**Brief:** For this task, extract exactly the lines of the data below, from the line containing "Subaru Impreza In The Woods" through the last one, with pictures left out.

**Exercise data:**
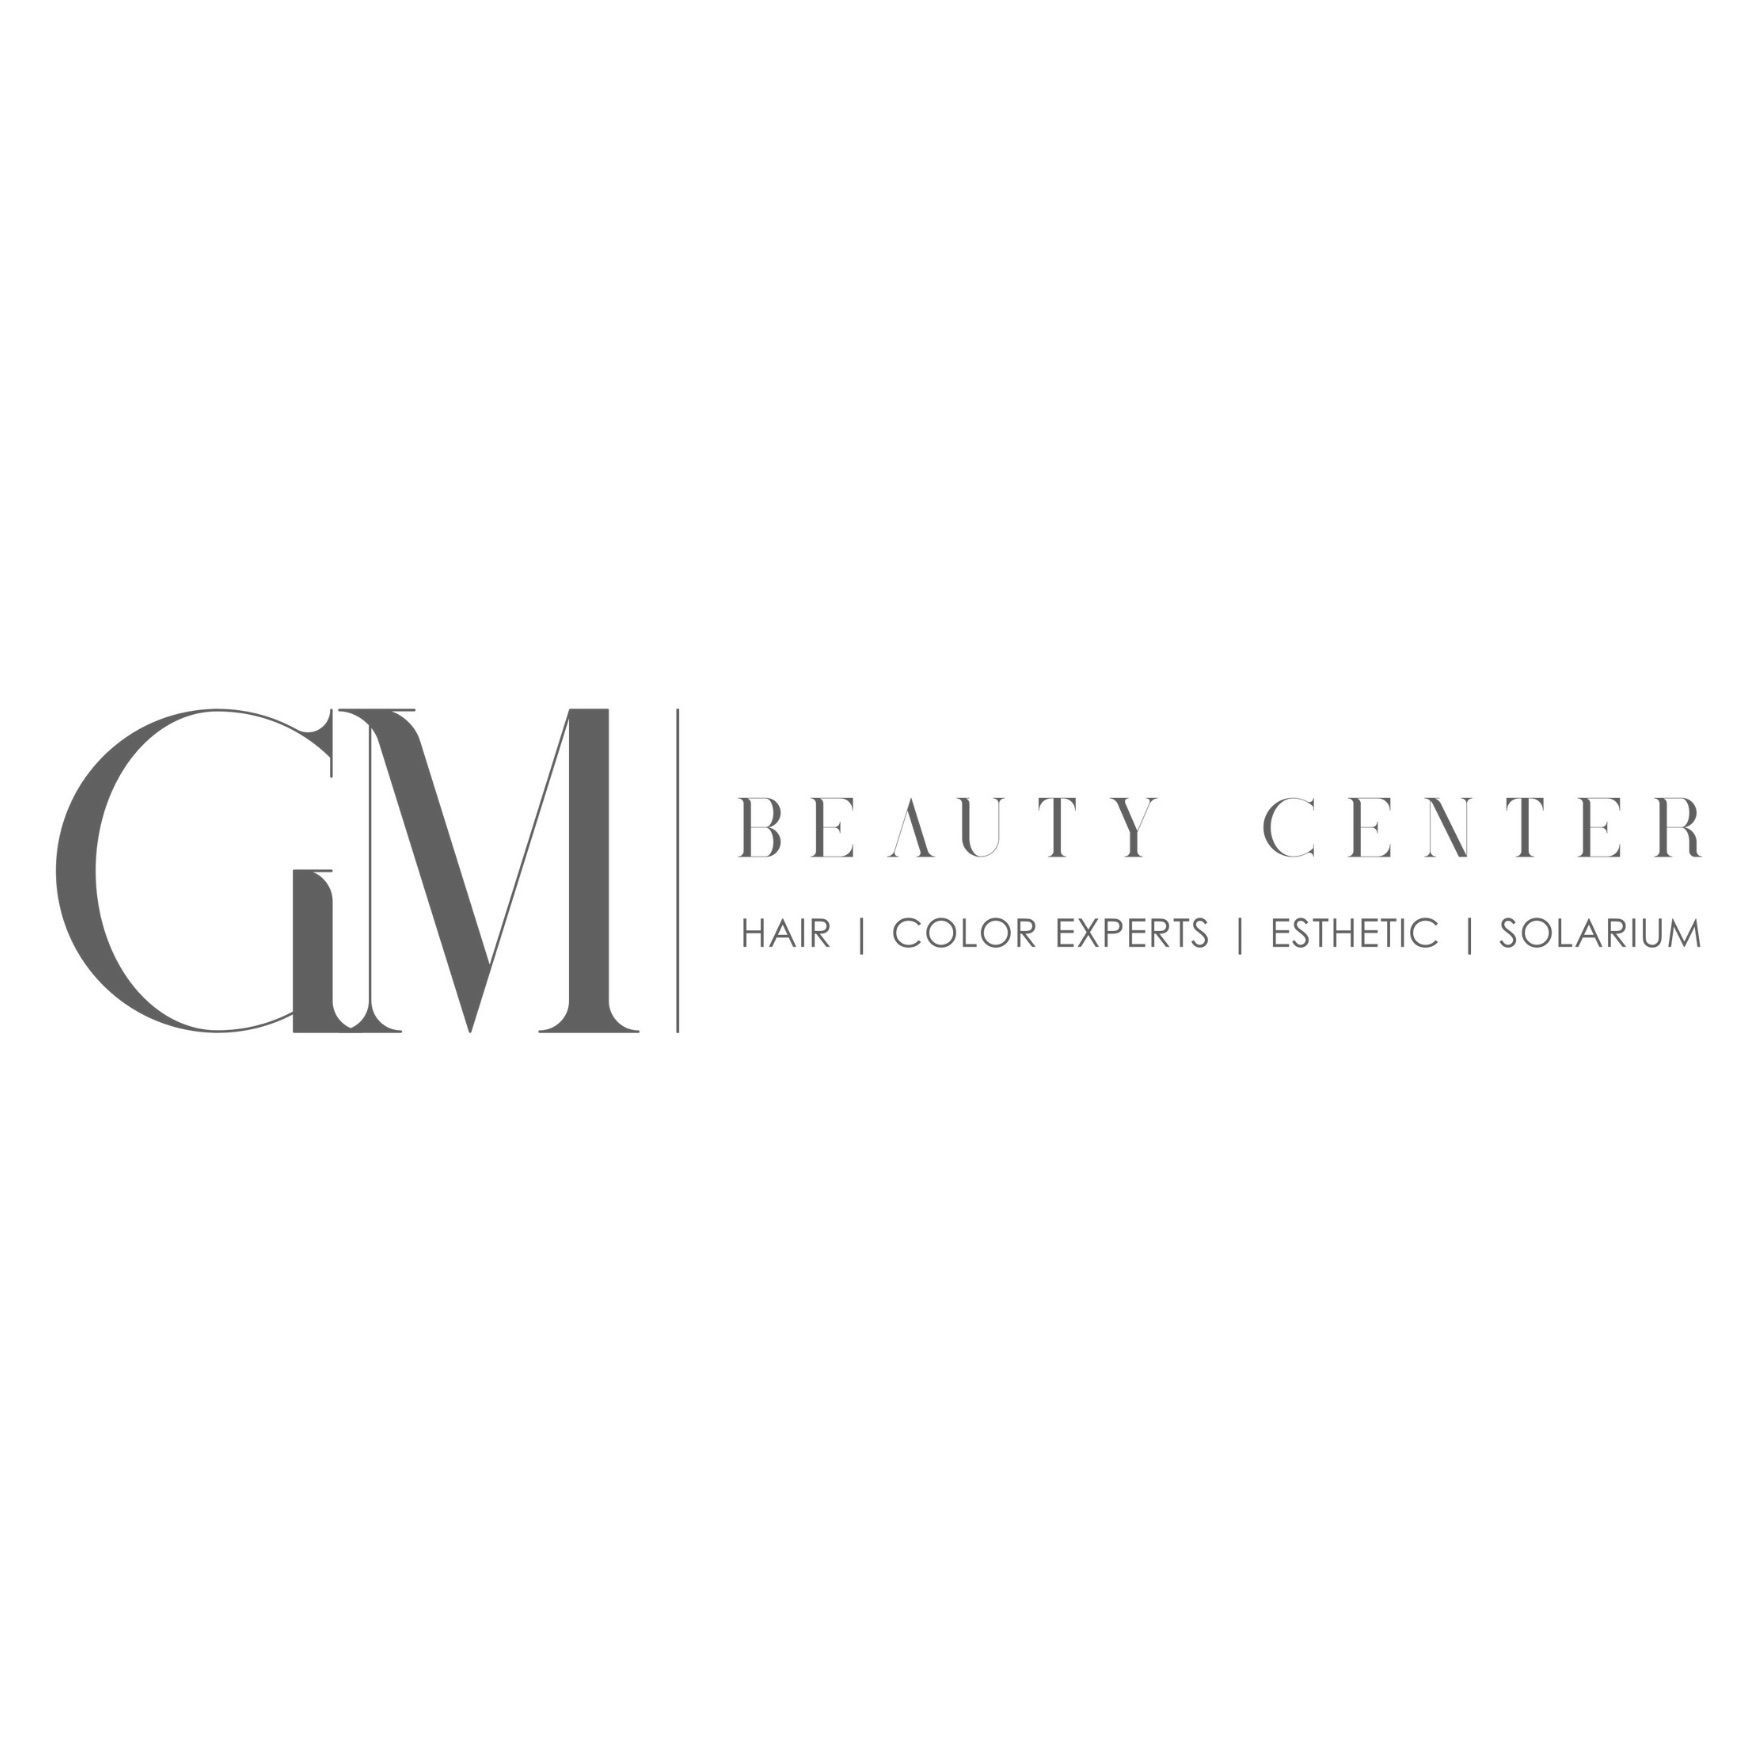 Gm Beauty Center Sevilla | Peluquería expertos en color & Estética., Carretera de carmona, 29, 41008, Sevilla
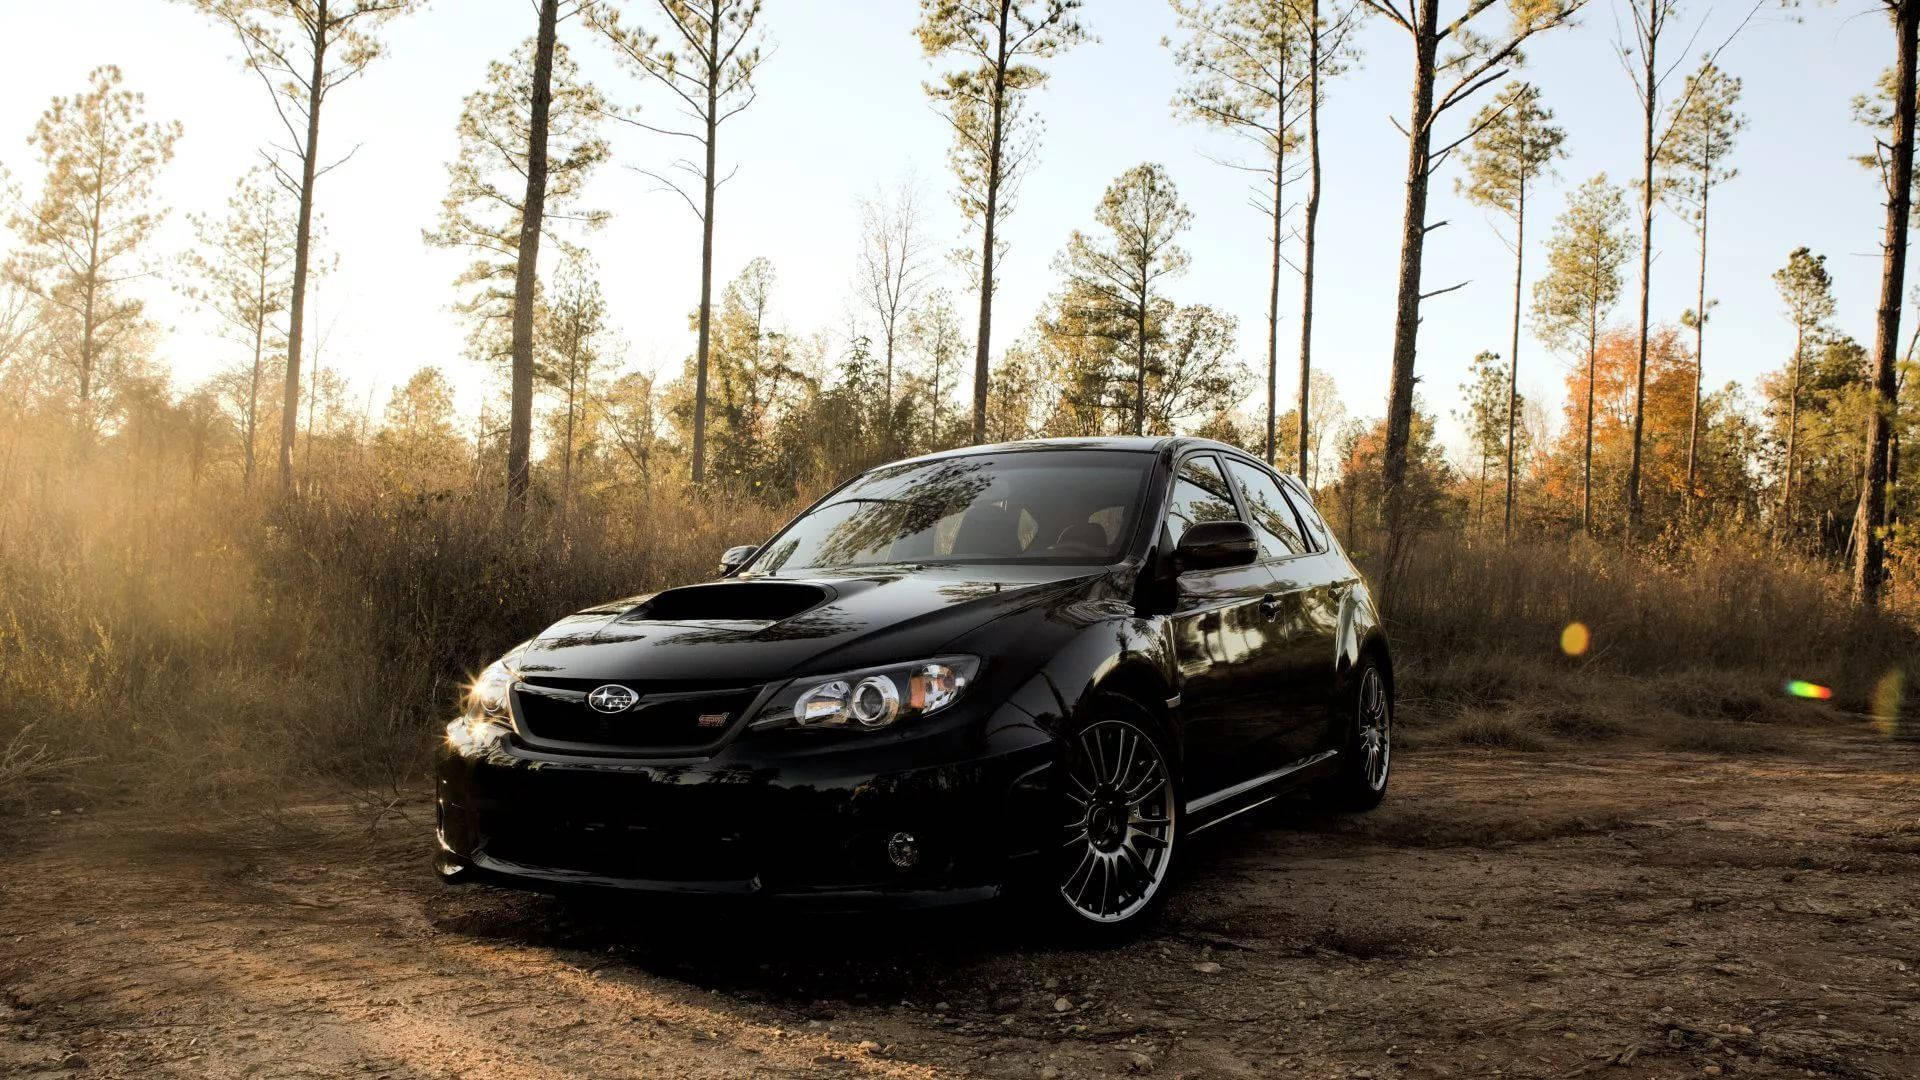 Subaru Impreza In The Woods
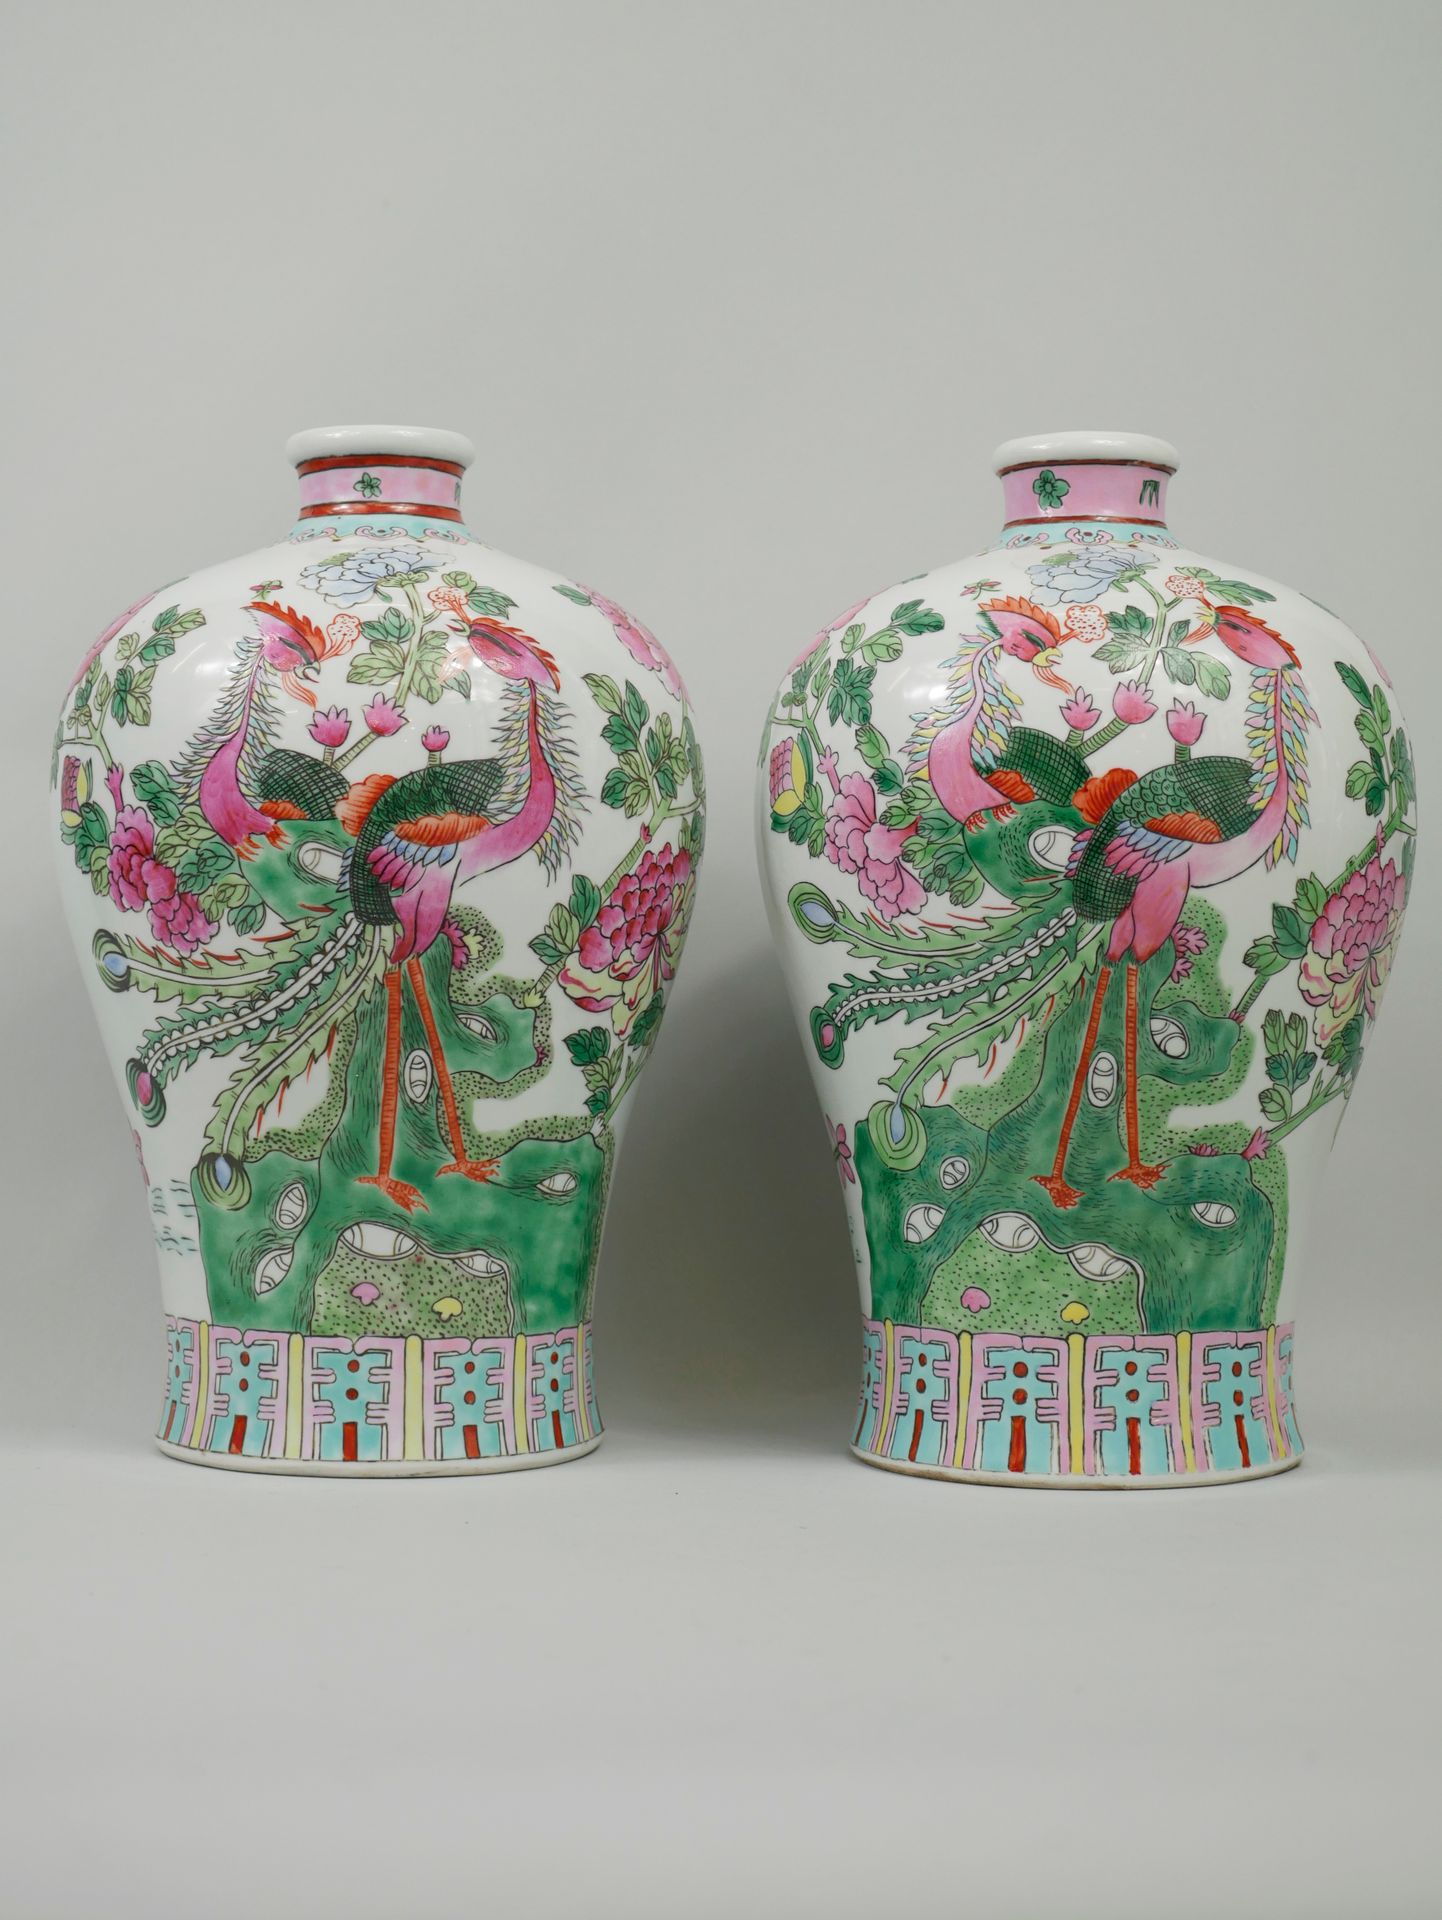 Null 中国，20世纪。两个花瓶，装饰着鸟和花。背面有 "同治 "的伪作标记。多色珐琅彩瓷器。高30厘米，直径20厘米。

**Answer to this task:**
 Subaru Impreza In The Woods
 Null 中国，20世纪。两个花瓶，装饰着鸟和花。背面有 "同治 "的伪作标记。多色珐琅彩瓷器。高30厘米，直径20厘米。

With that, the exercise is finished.